Algorithm improvements to KD-Tree module: applications to ICP (Pranjal Kumar Rai)

jlblancoc commented 7 years ago

Initial description

Nanoflann is a C++ library provided by MRPT for building KD-Trees. The library is a fork of the widely-used FLANN C++ library and is mostly optimized for lower dimensional point clouds. Most ICP algorithms for robot SLAM and localization require finding nearest neighbor in 2D/3D point clouds. Support for dynamic point clouds and nearest neighbour query in non flat spaces are two paramount features which are missing in the current nanoflann library.

See attached PDF.

5589797390254080_1491229396_MRPT_GSOC_Proposal.pdf

Final results:

nanoflann PR 48: Pull request with all code contributions by @pranjal-rai for GSoC2017

jlblancoc commented 7 years ago

Hi @pranjal-rai !

After a more careful inspection of the new code, here are some new recommendations:

For consistency, I think it'll be better to do this renaming:
- metric_InnerProdQuat => metric_SO3_InnerProdQuat
- metric_acosInnerProdQuat => metric_SO3_acosInnerProdQuat
- (idem for the *_Adaptor classes)
I noticed that we still miss a metric for SO2 (!). Probably because you focused on the much harder 3D problem, but 2D is still really useful to have. Please, create one new metric for this case, with a name like: metric_SO2. No need to specify the name "postfix" of the metric, we can simply use a formula like this one, but without the previous "unwrap". Docs should mention that it's the user responsibility to provide us angles in the range [-pi,pi].

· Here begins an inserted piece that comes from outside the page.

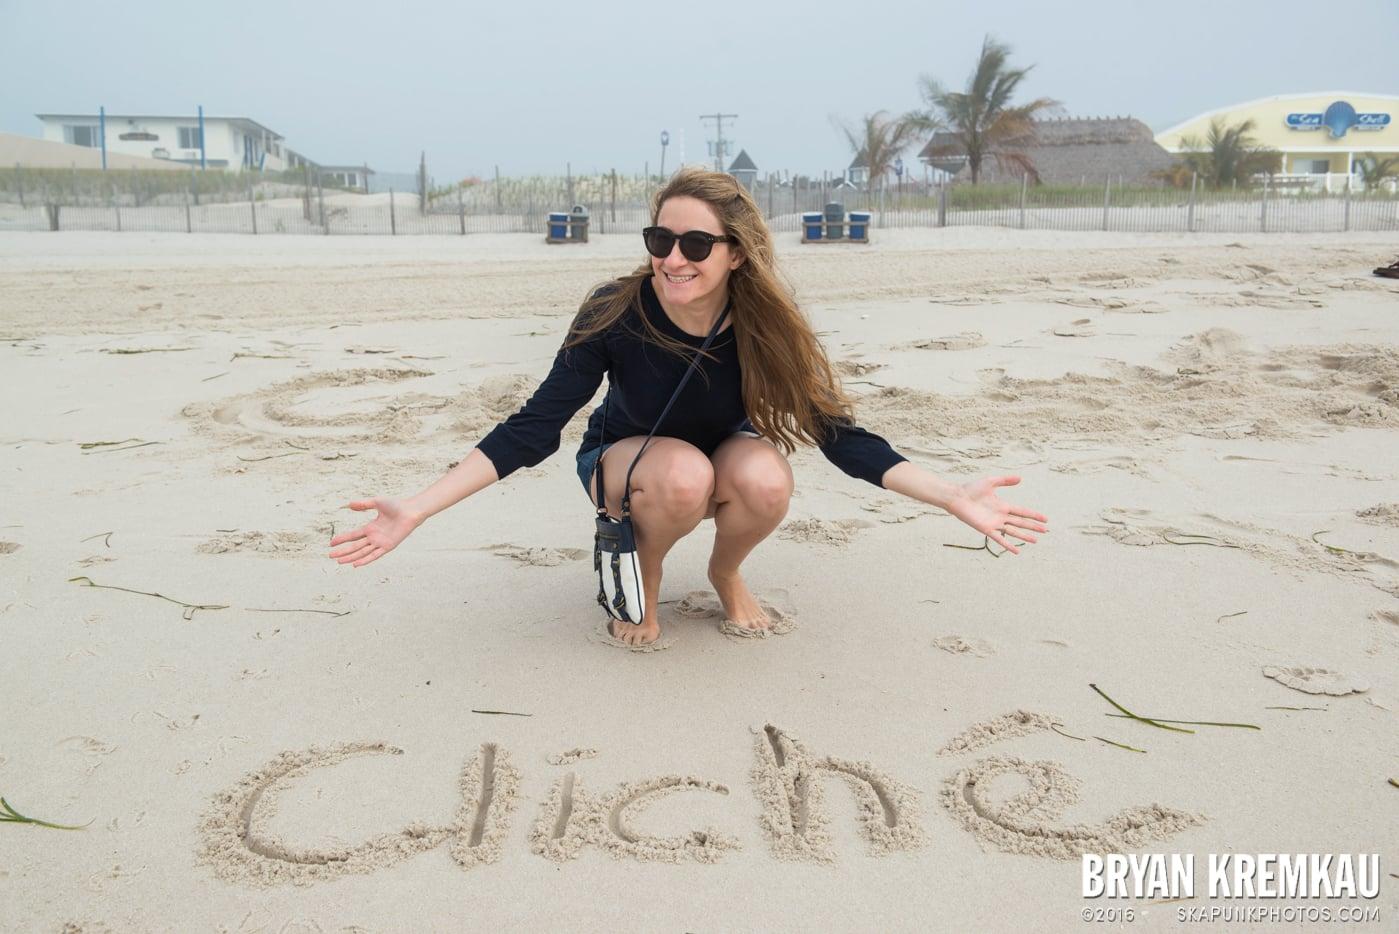 Beach Haven, Long Beach Island, NJ - 6.16.14 - 6.18.14 (65)

jlblancoc commented 7 years ago

At some point things should have gone out of control (not your fault, the code was already like that before GSoC!): you may notice that there are a set of structs named metric_L1, metric_L2,... which are NOT used at all... Instead, examples directly use as second templ. argument the *_Adaptor<num_t,...> type, which is long to type and obscures the declarations.

Please, change all examples to use the trait types metric_* as a much simpler second template argument. Inside KDTreeSingleIndexAdaptor, naturally, change the name of that template name from typename Distance to something like typename MetricTraits. Then, add inside the class:

typedef MetricTraits::traits<T,DataSource> Distance;

(note that's not the exact line, please refine it to make it work as expected). The idea is that "Distance" will be infered by the compiler with its proper arguments, instead of leaving that work to the user. Let me know if I should explain this point differently or if you got the general idea...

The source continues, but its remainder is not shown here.